- ∀x ∈ Z, P(x) → Q(x)
- ∃x ∈ Z such that Q(x) ∧ ∼ R(x)
- ∃x ∈ Z such that P(x) → S(x)
(1) The first one base on the rule "For all x, A(x)" "There exist x such that not A(x)" So what I did is "∃x ∈ Z such that P(x) → Q(x) is false."
(2) For the second, base on the rule "There exists x such that A(x)" "For every x, not A(x)" So what I did is "∀x ∈ Z, Q(x) ∧ ∼ R(x) is false" (no such that at here?)
(3) For the third, also base on the rule above, it should be "∀x ∈ Z, P(x) → S(x) is false"
I am not sure whether it is correct or not, could anyone help me to check it? Thank you!
In all three cases, you need to work the negation 'further in'.

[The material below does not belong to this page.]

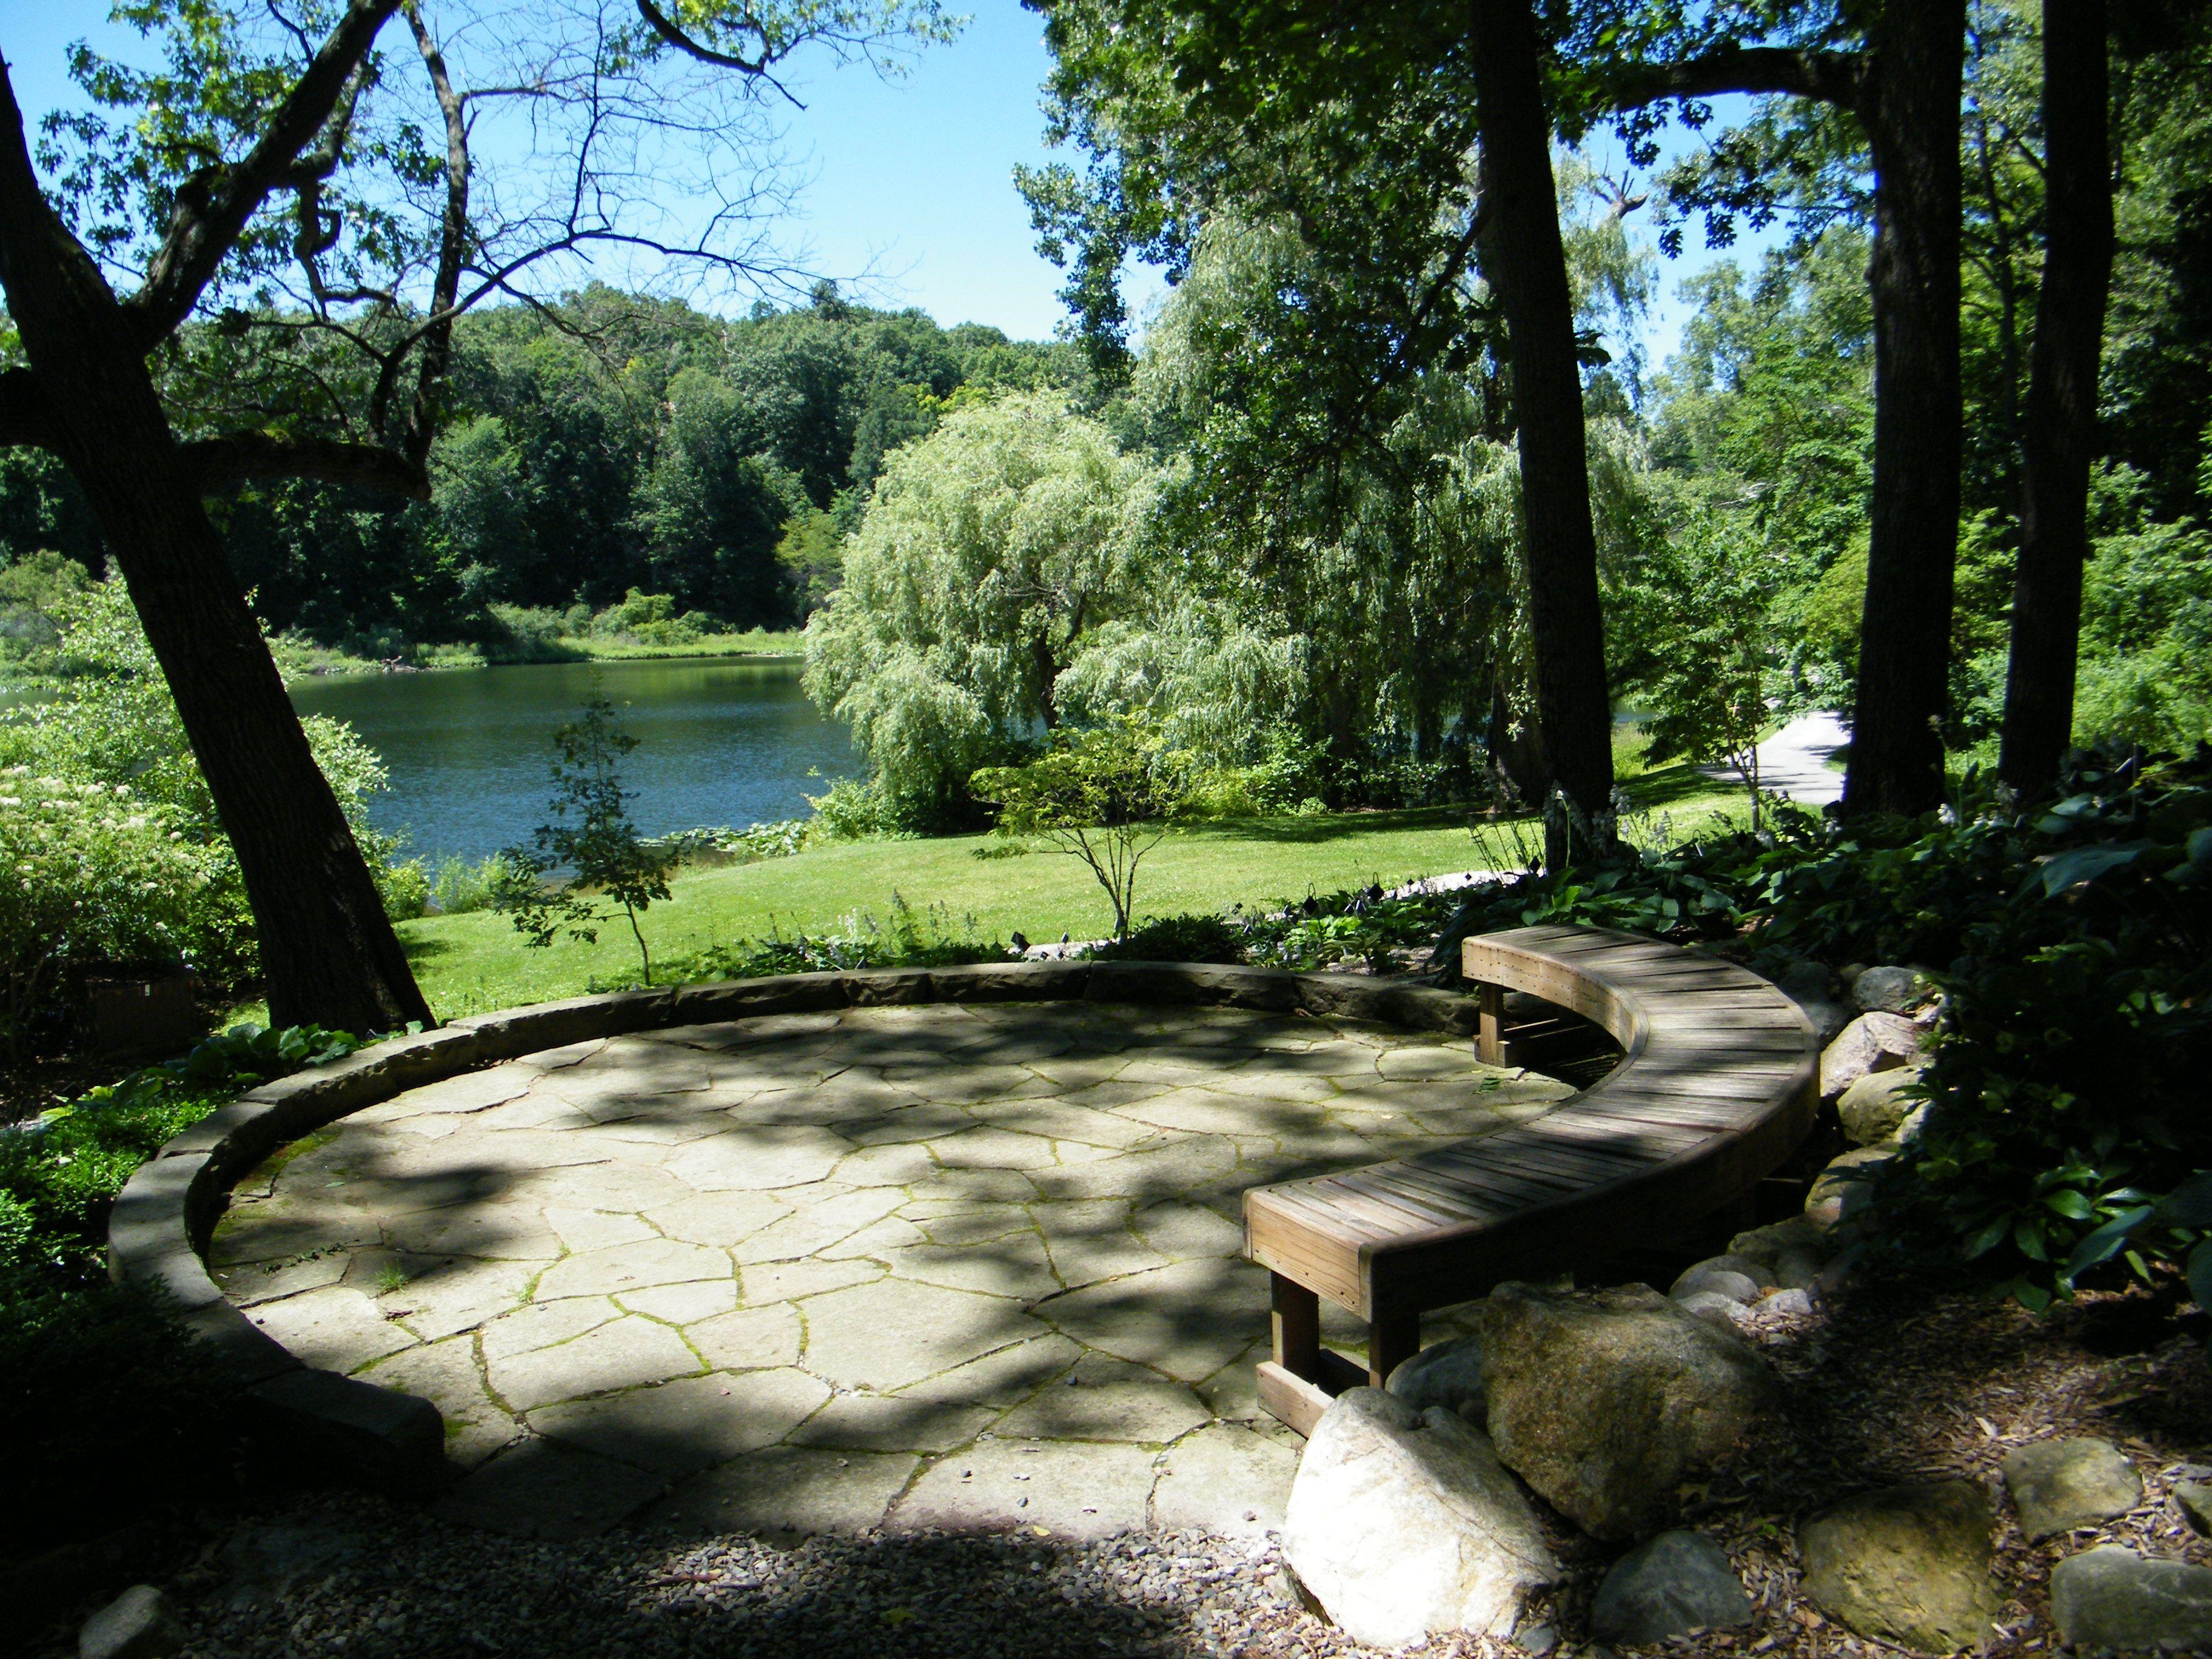 90e58fdc5ce6aa0abd3ff319b4134fa5 - Hidden Lake Gardens In Tipton Michigan

For example, for the first one, you go from
$\neg \forall x \in \mathbb{Z} (P(x) \rightarrow Q(x))$
To
$\exists z \in \mathbb{Z} \neg (P(x) \rightarrow Q(x))$
But you can bring the negation further in, since in general $\neg (P \rightarrow Q) \Leftrightarrow P \land \neg Q$, and so you get:
$\exists z \in \mathbb{Z} (P(x) \land \neg Q(x))$
Can you do the other two?